## REQUIRED WORK
Repeat the data word for word. Do not include the pictures.

## RECORDED DATA
────────────────────
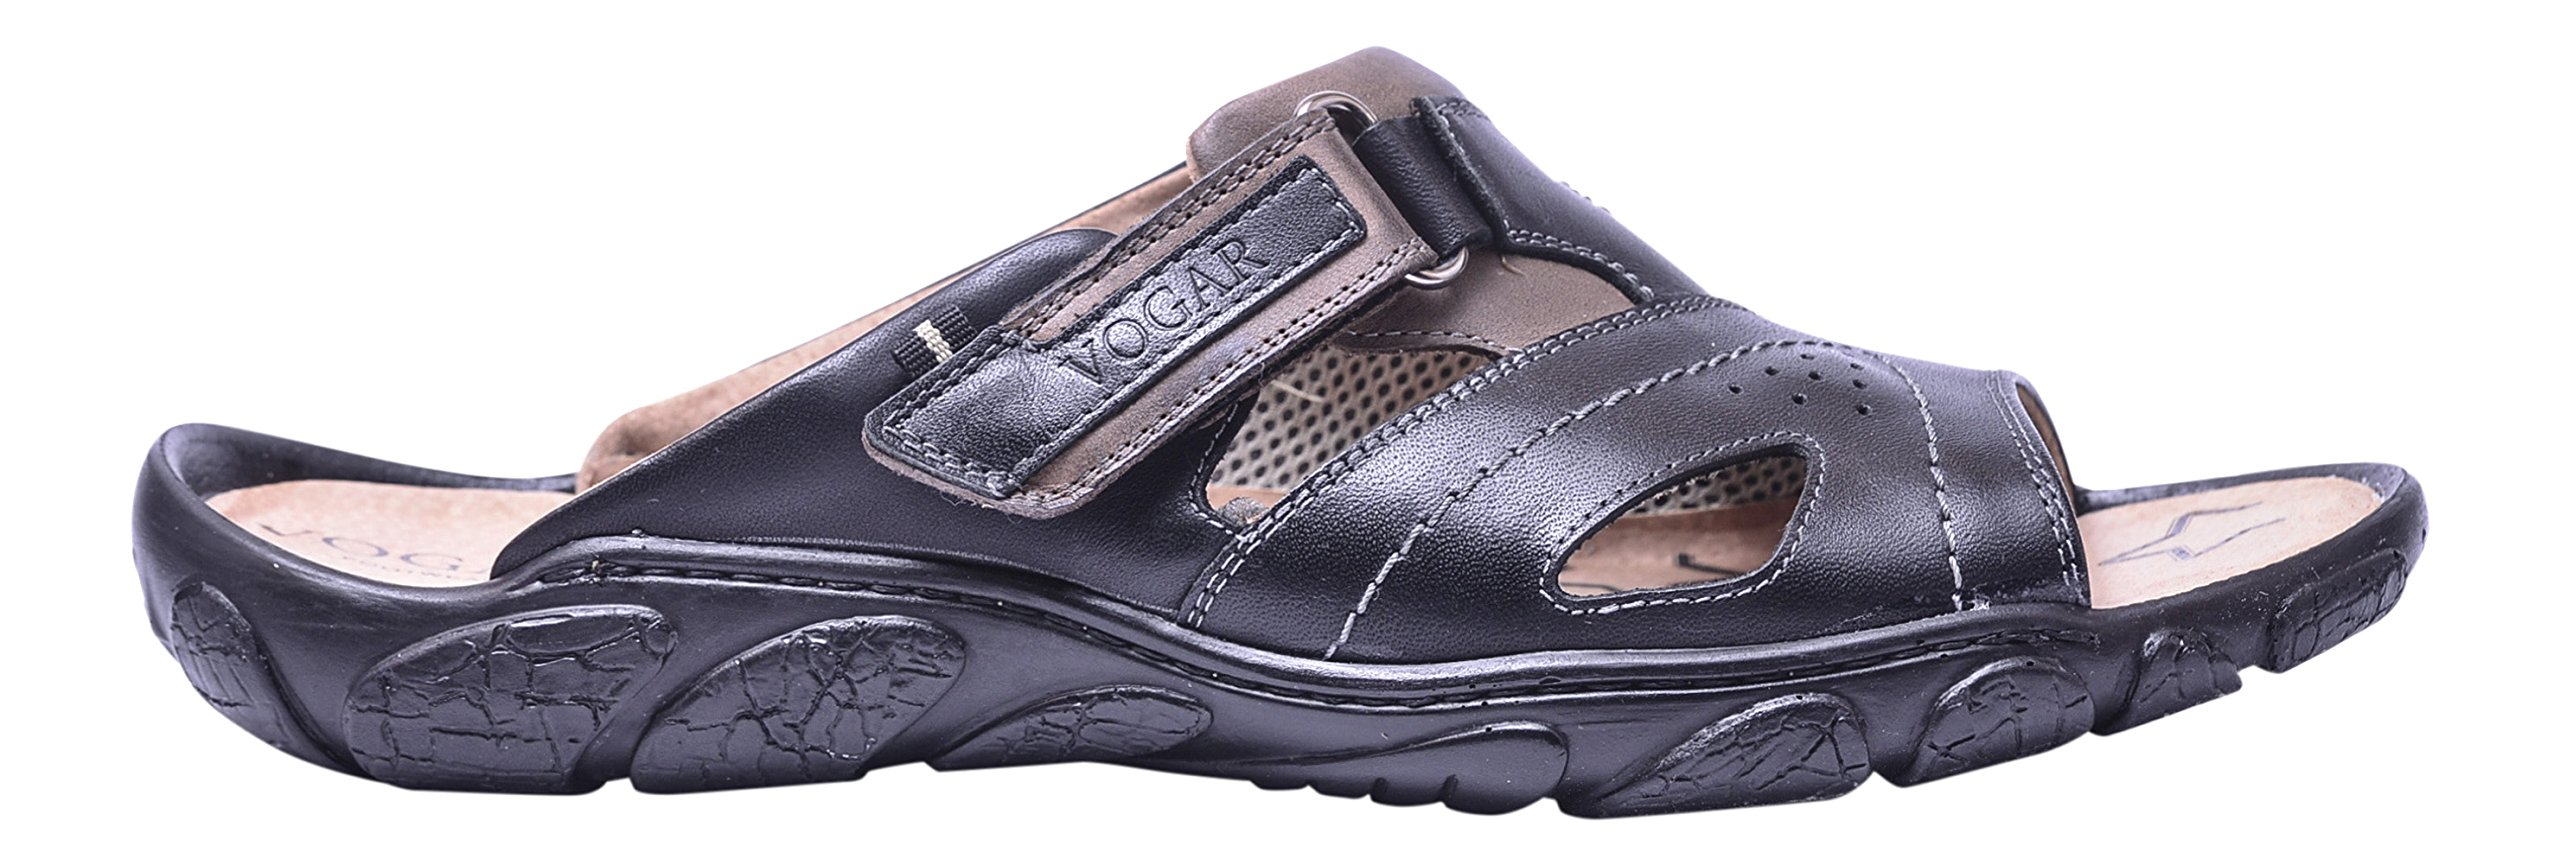 Vogar Mens Slip On Leather Summer Sandals Flat Beach Shoes VG1128 Black 9 US
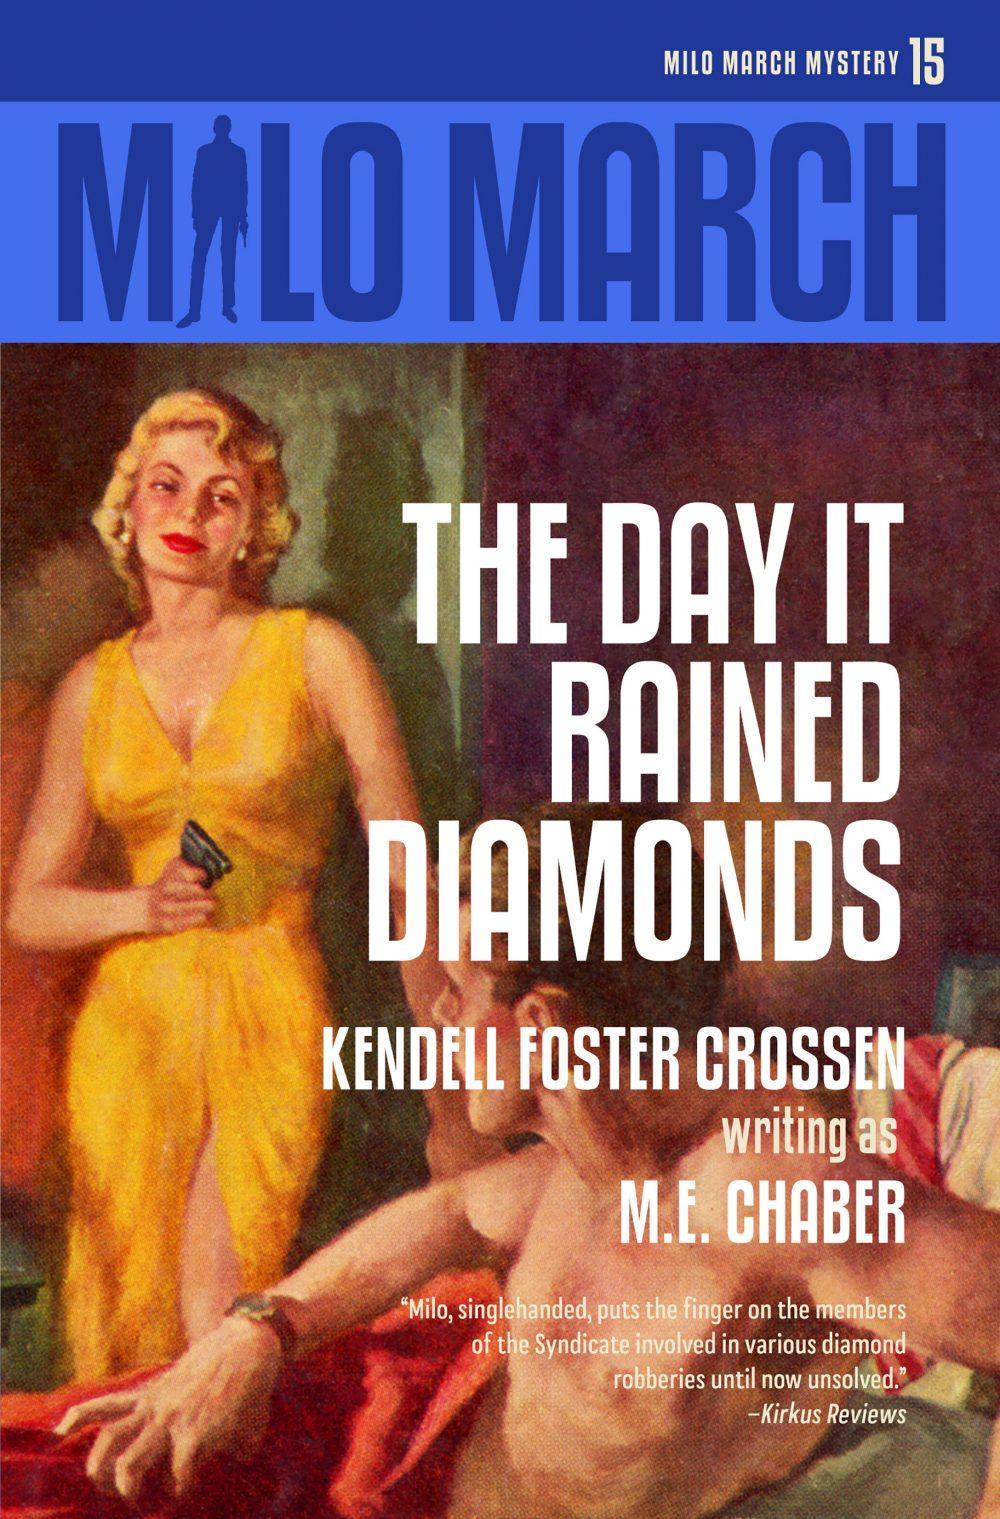 Milo March #15: The Day It Rained Diamonds
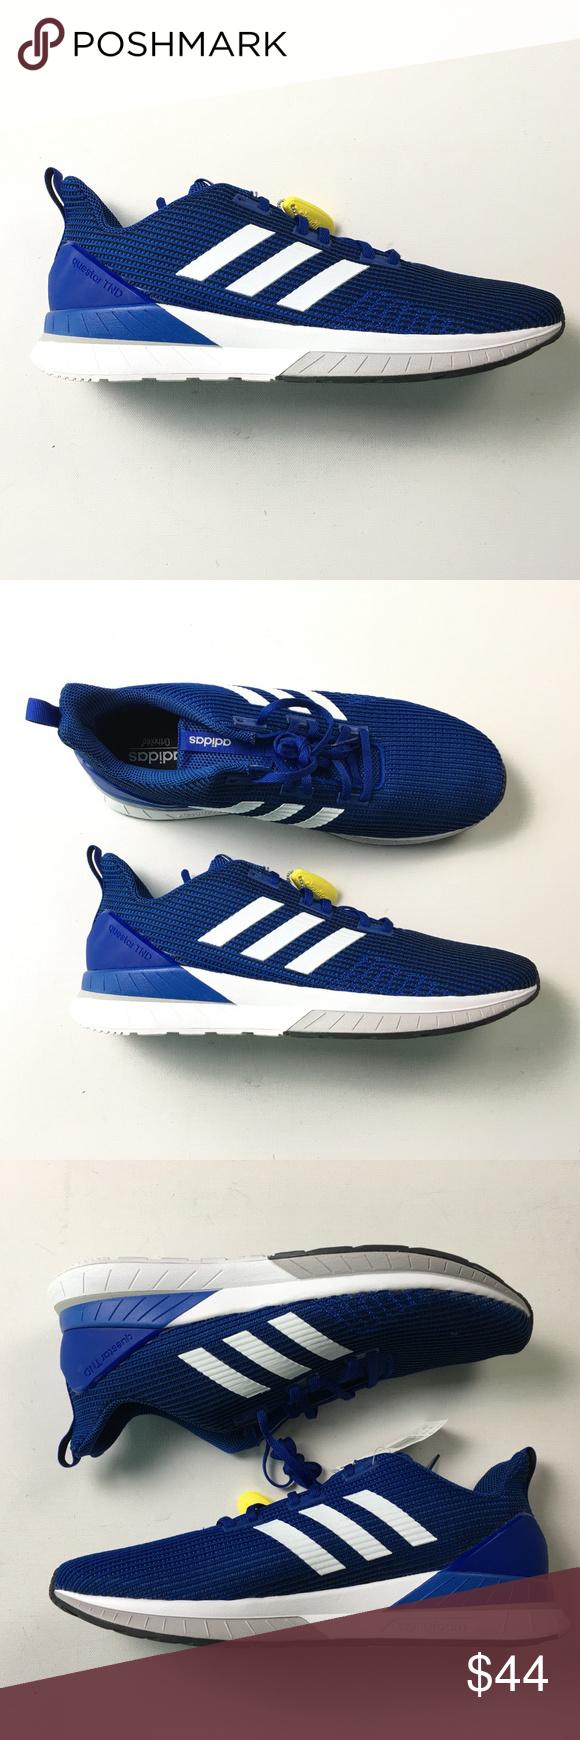 86071479d05b Adidas Mens Blue Sneakers 13 A65 x01775 Adidas Mens Blue Questar TND  Running Shoes Sneakers
────────────────────
## RESULT
 Vogar Mens Slip On Leather Summer Sandals Flat Beach Shoes VG1128 Black 9 US
 Milo March #15: The Day It Rained Diamonds
 86071479d05b Adidas Mens Blue Sneakers 13 A65 x01775 Adidas Mens Blue Questar TND  Running Shoes Sneakers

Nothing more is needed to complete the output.